DATA:
- - -

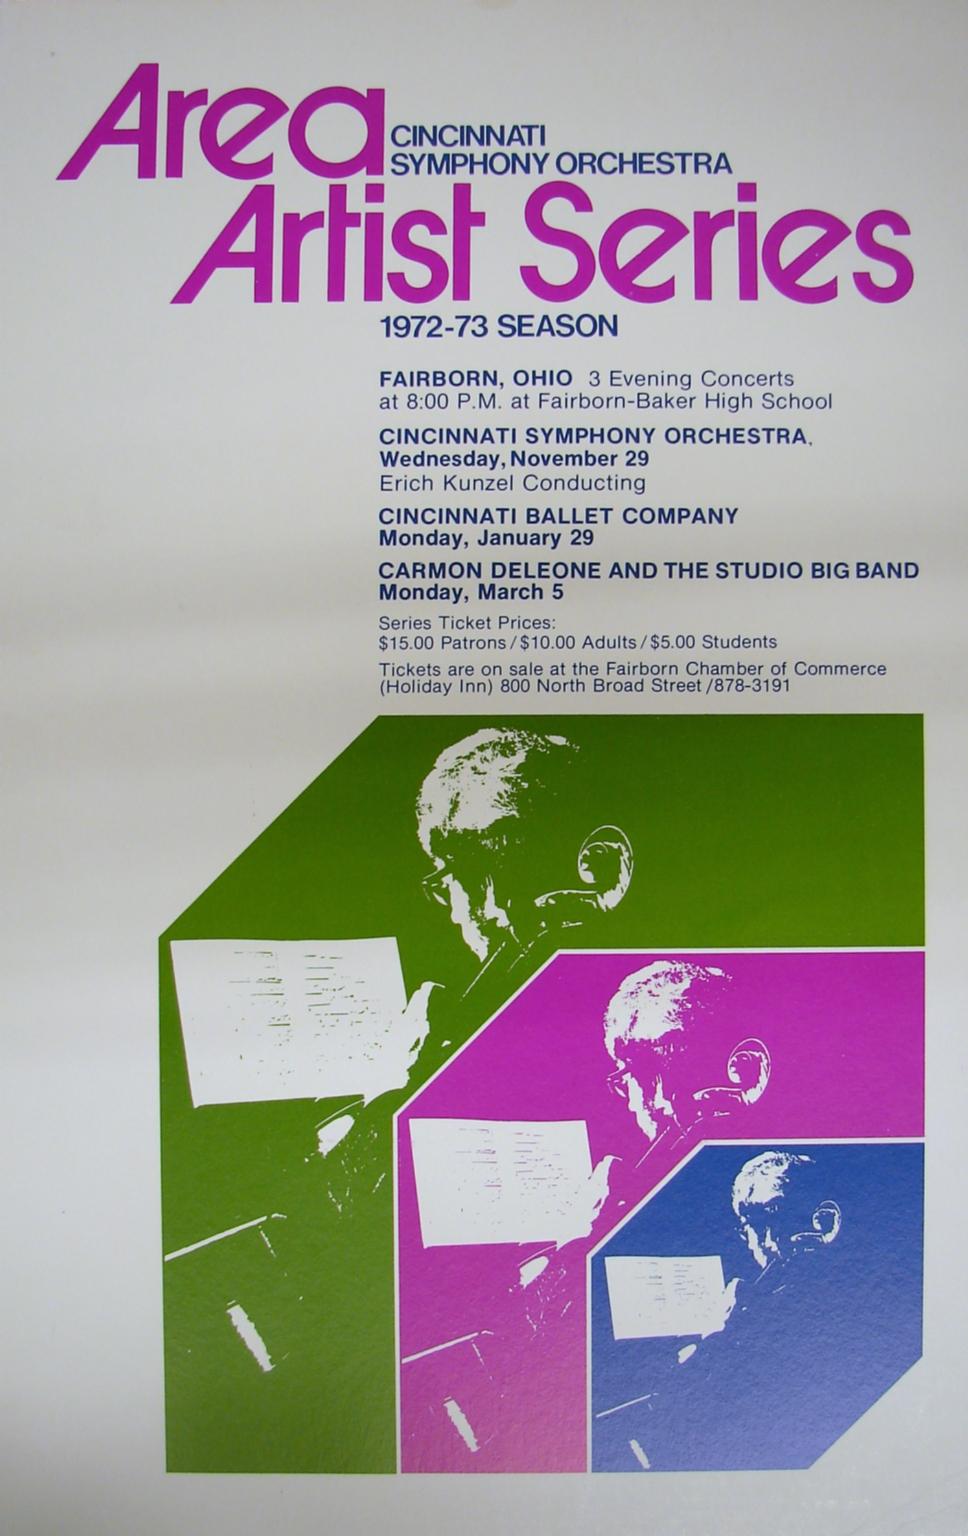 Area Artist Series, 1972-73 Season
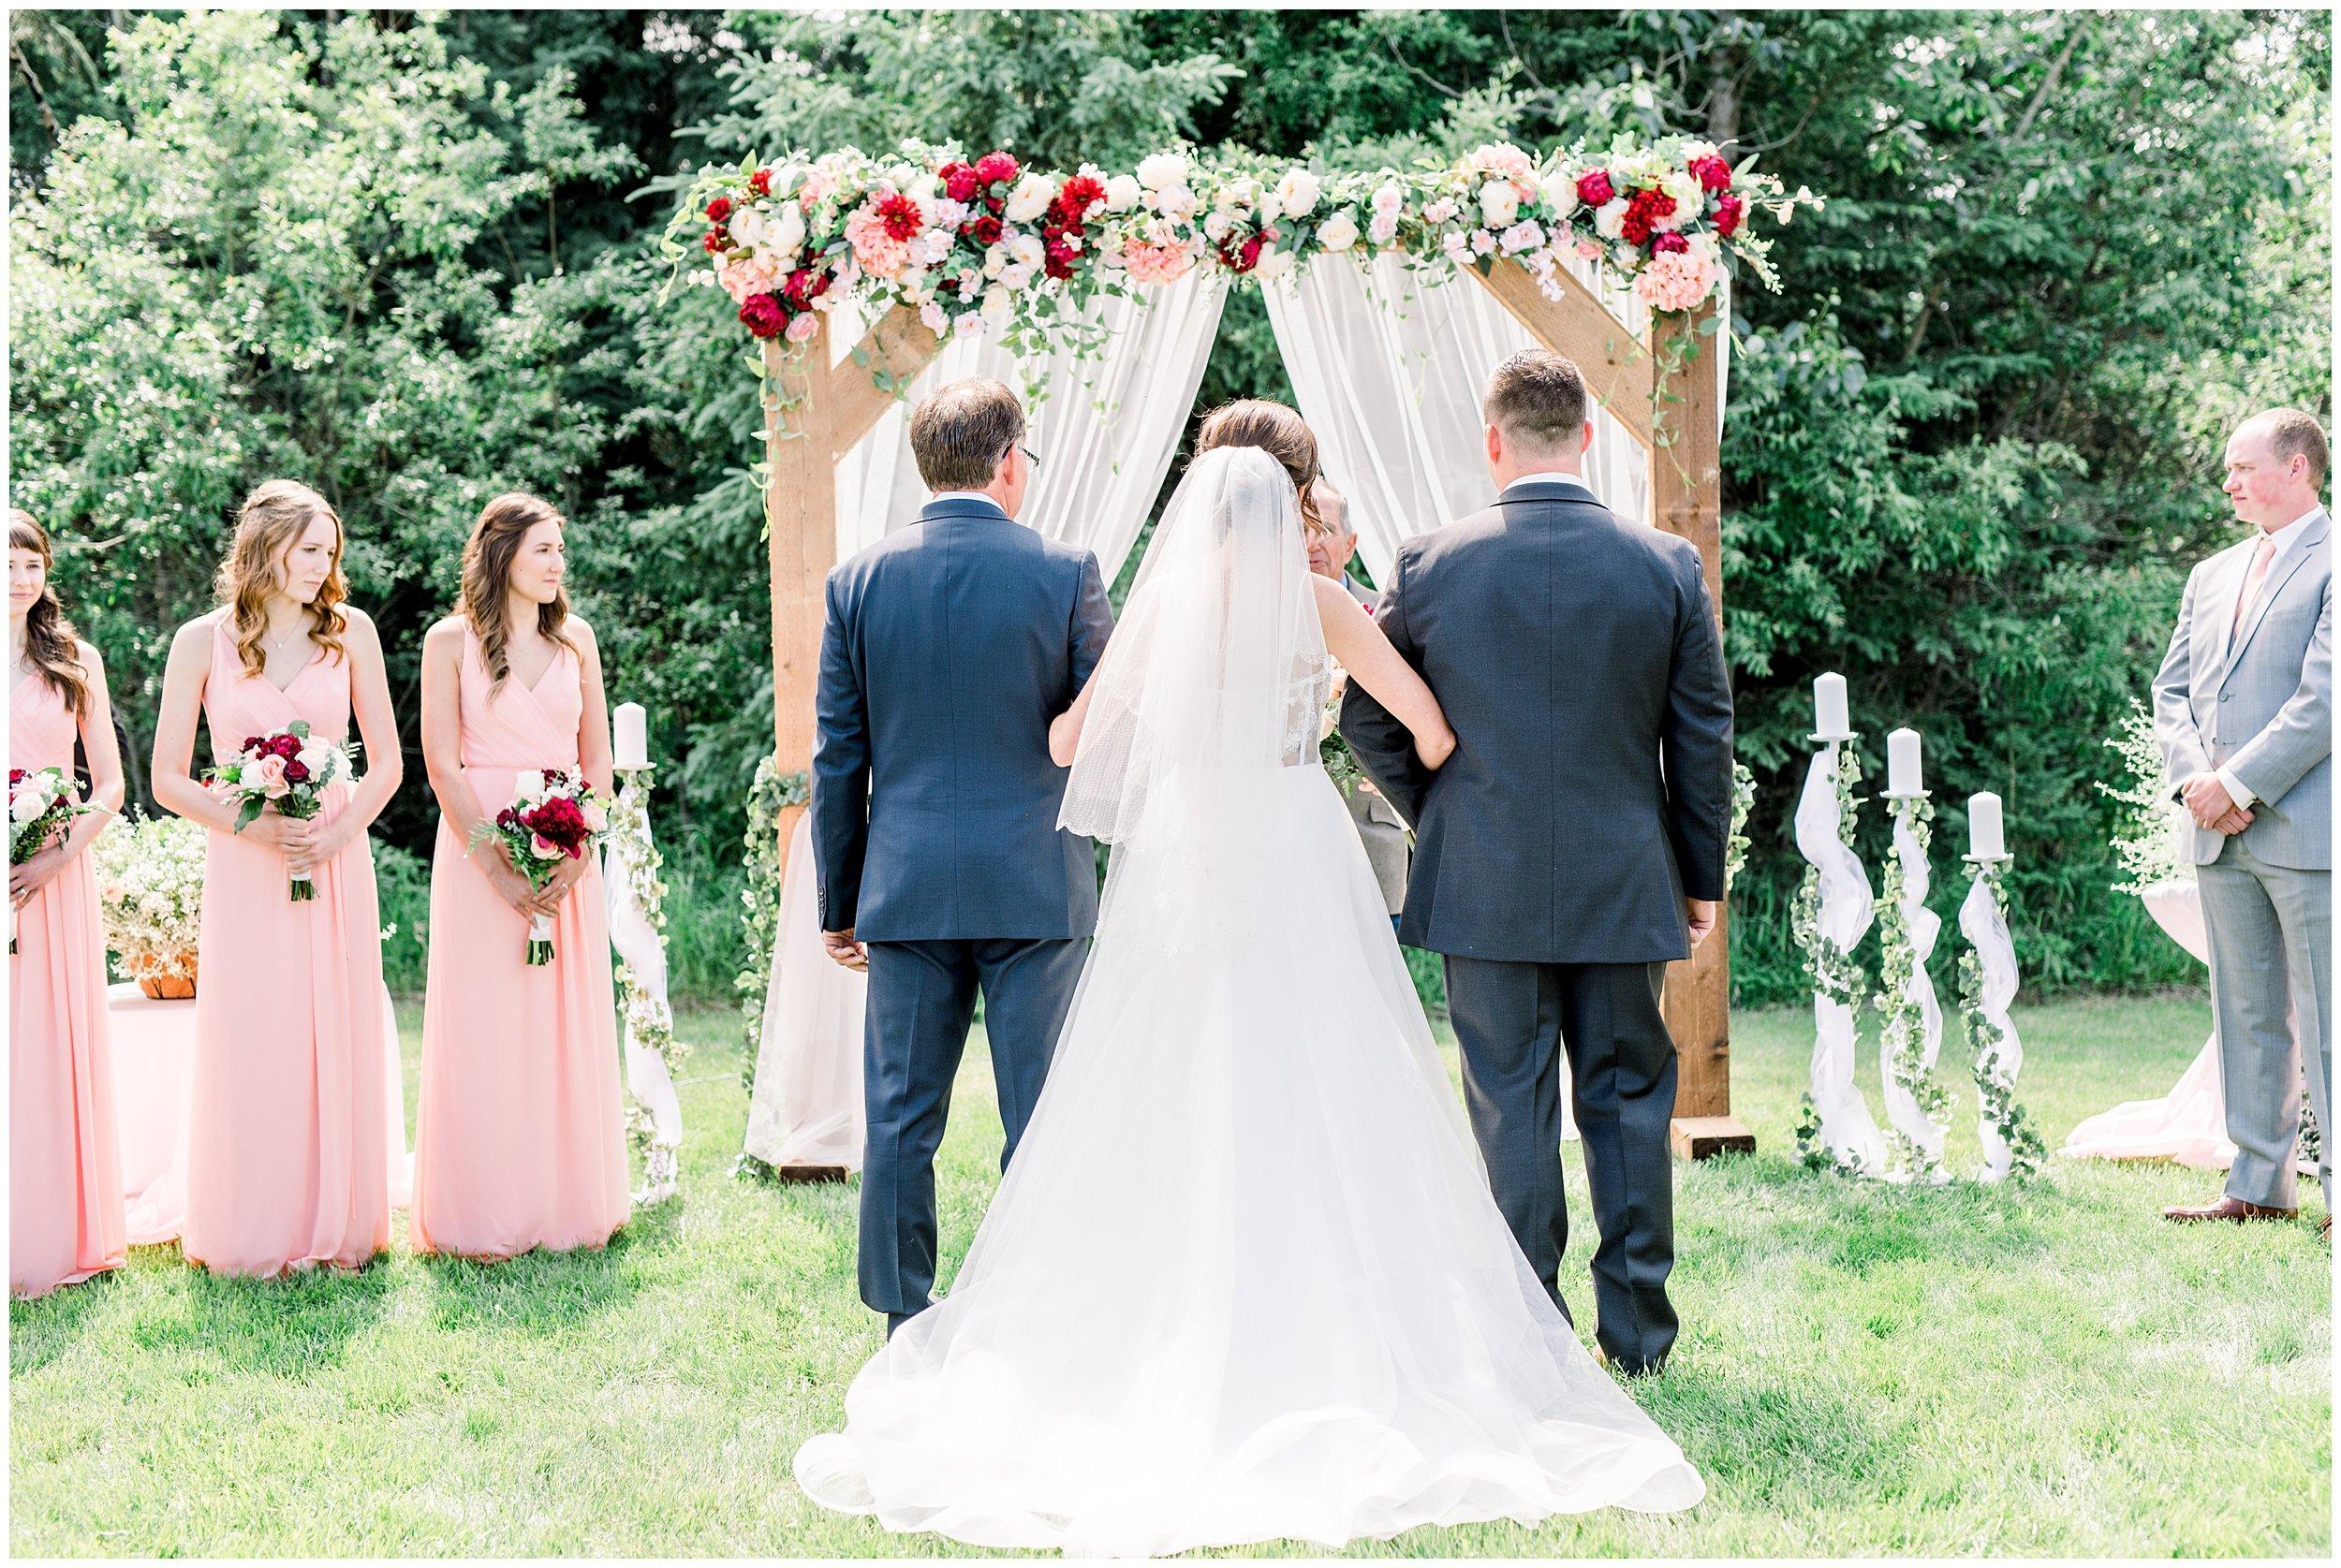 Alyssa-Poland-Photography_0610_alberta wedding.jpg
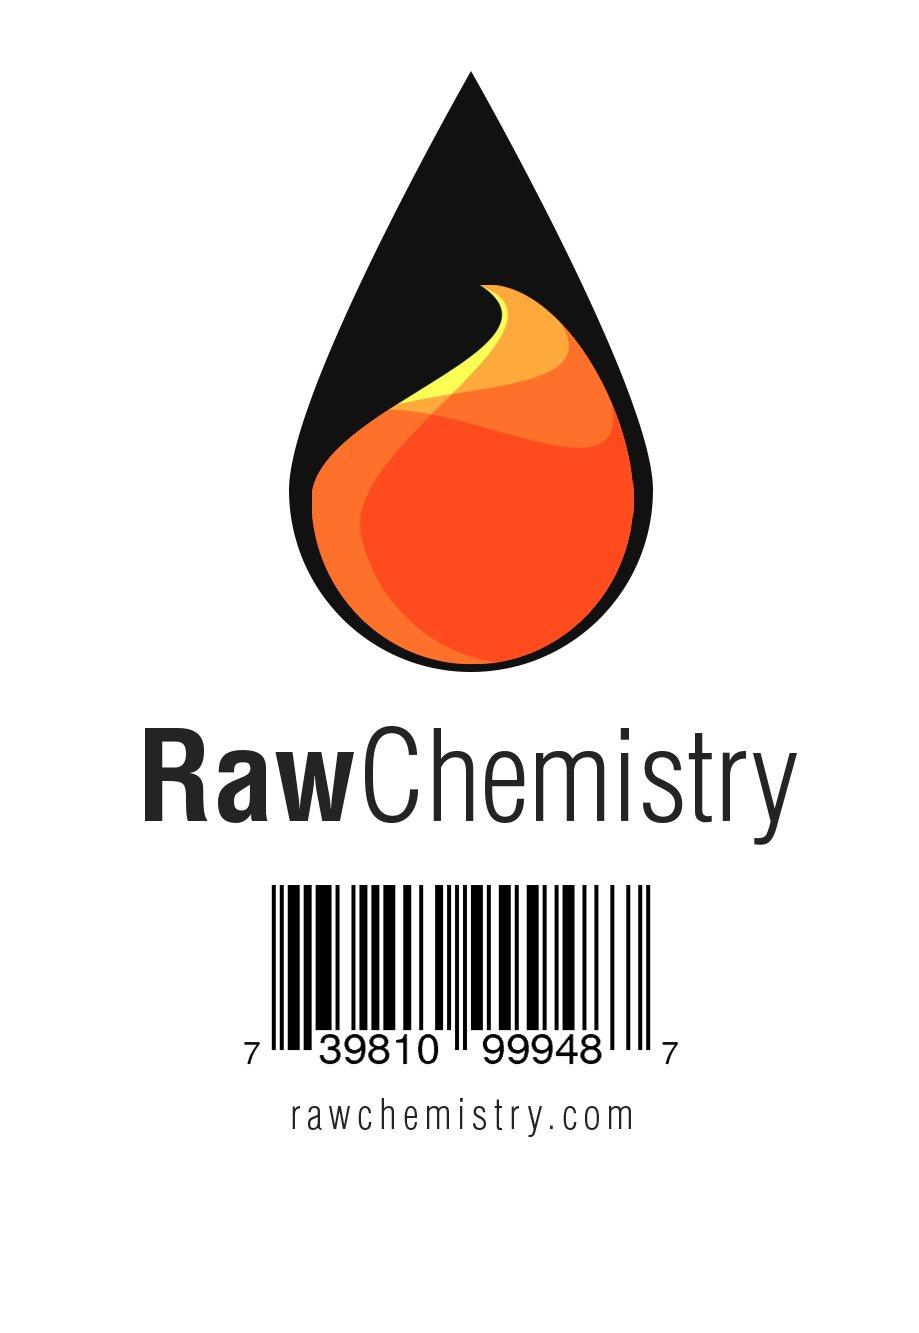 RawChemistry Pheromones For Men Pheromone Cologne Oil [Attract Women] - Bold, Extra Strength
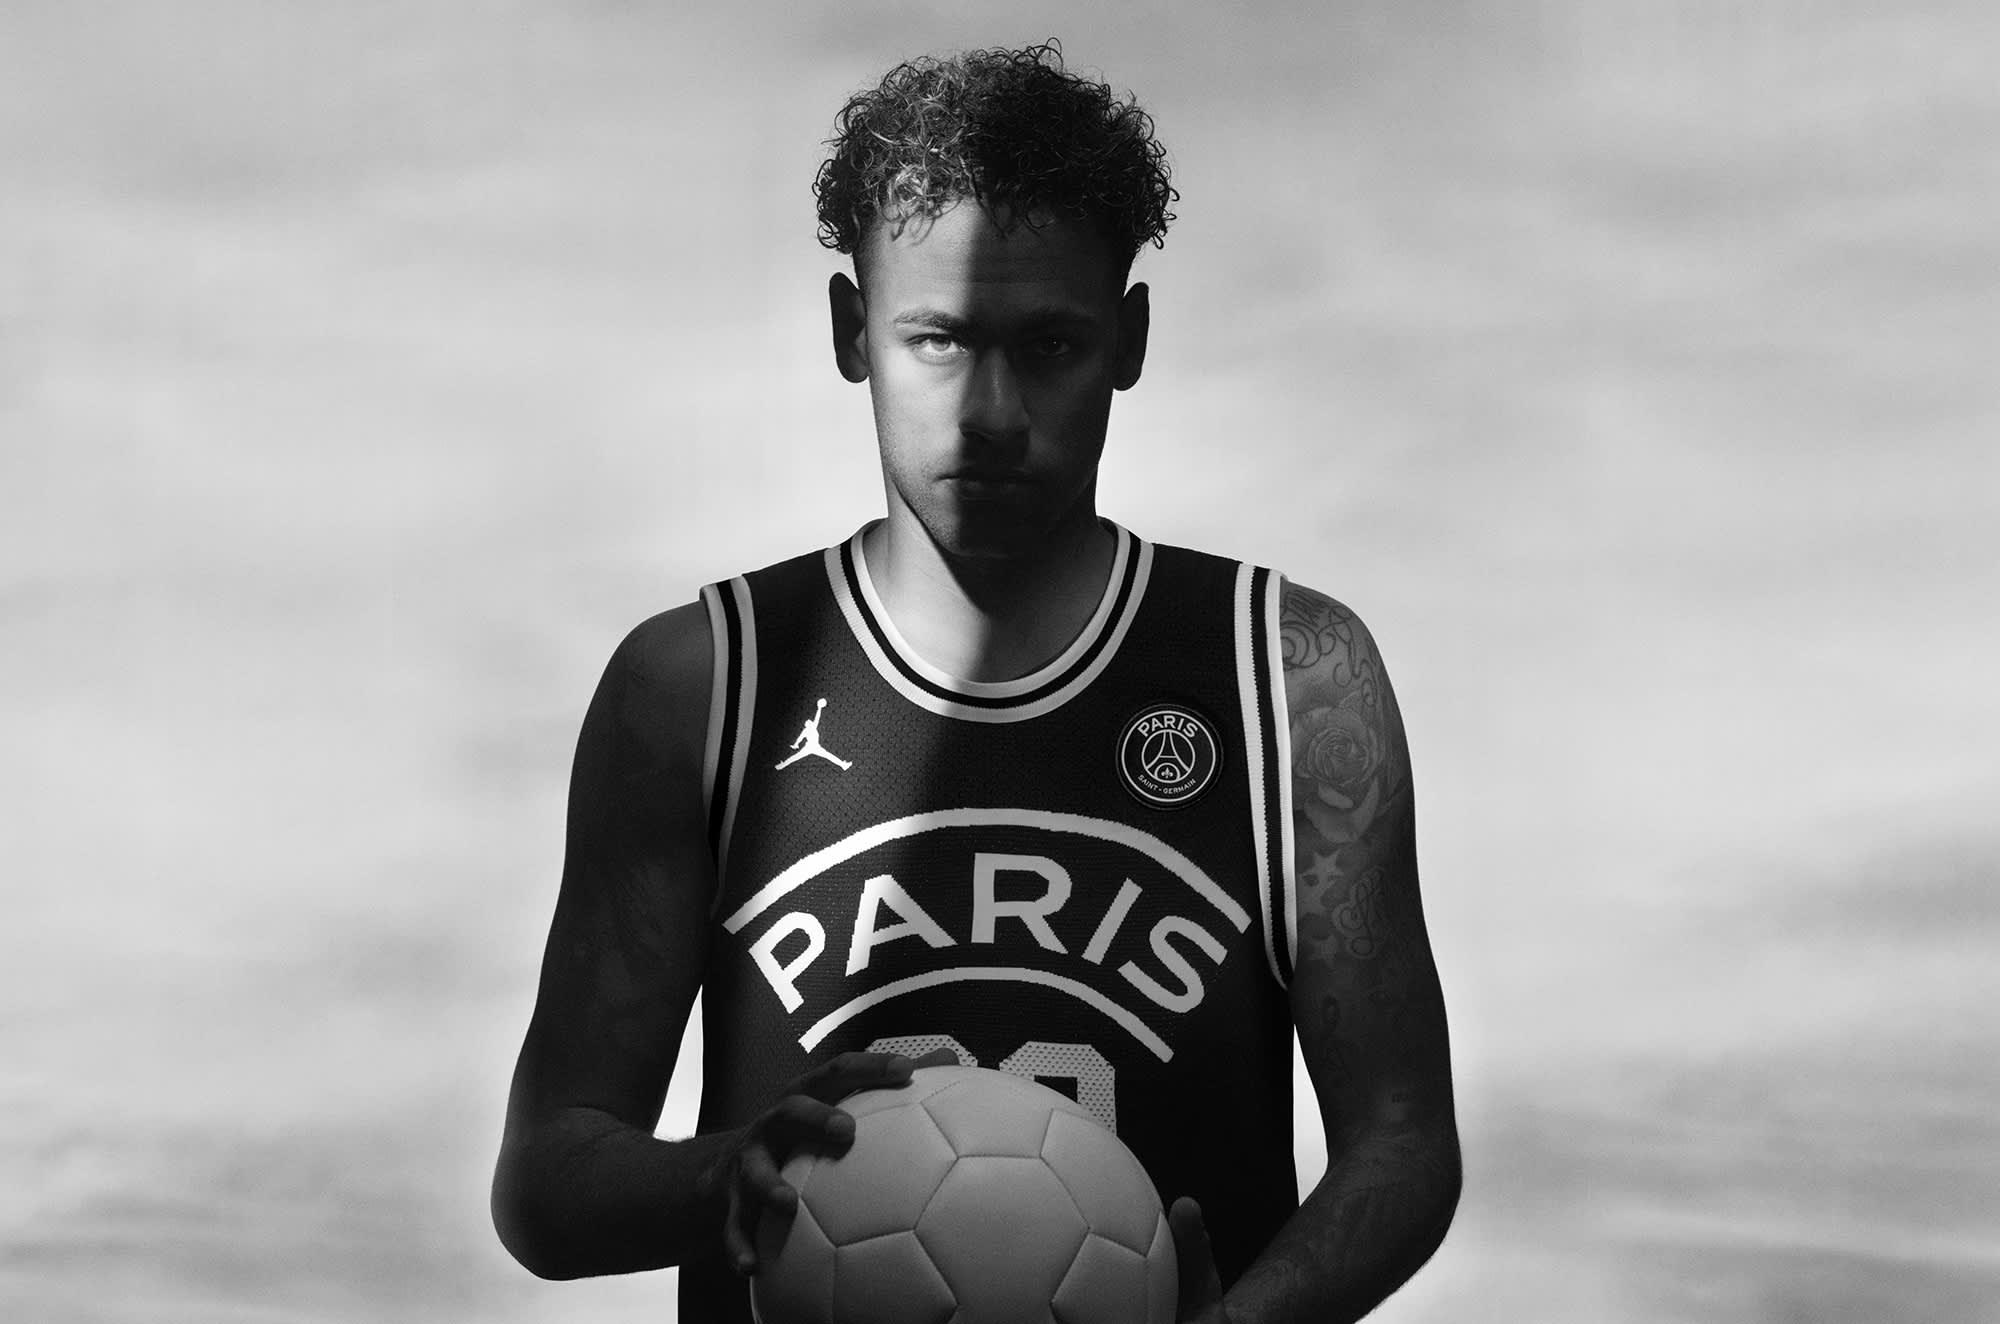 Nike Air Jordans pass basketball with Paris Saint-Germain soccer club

- - -

EXERCISE OBJECTIVE: Transcribe only the lines between the line containing "RawChemistry Pheromones For" and the final line of the listing, inclusive, exactly as they appear; no pictures are to be included.

RESULT OF THIS EXERCISE:
 RawChemistry Pheromones For Men Pheromone Cologne Oil [Attract Women] - Bold, Extra Strength
 Nike Air Jordans pass basketball with Paris Saint-Germain soccer club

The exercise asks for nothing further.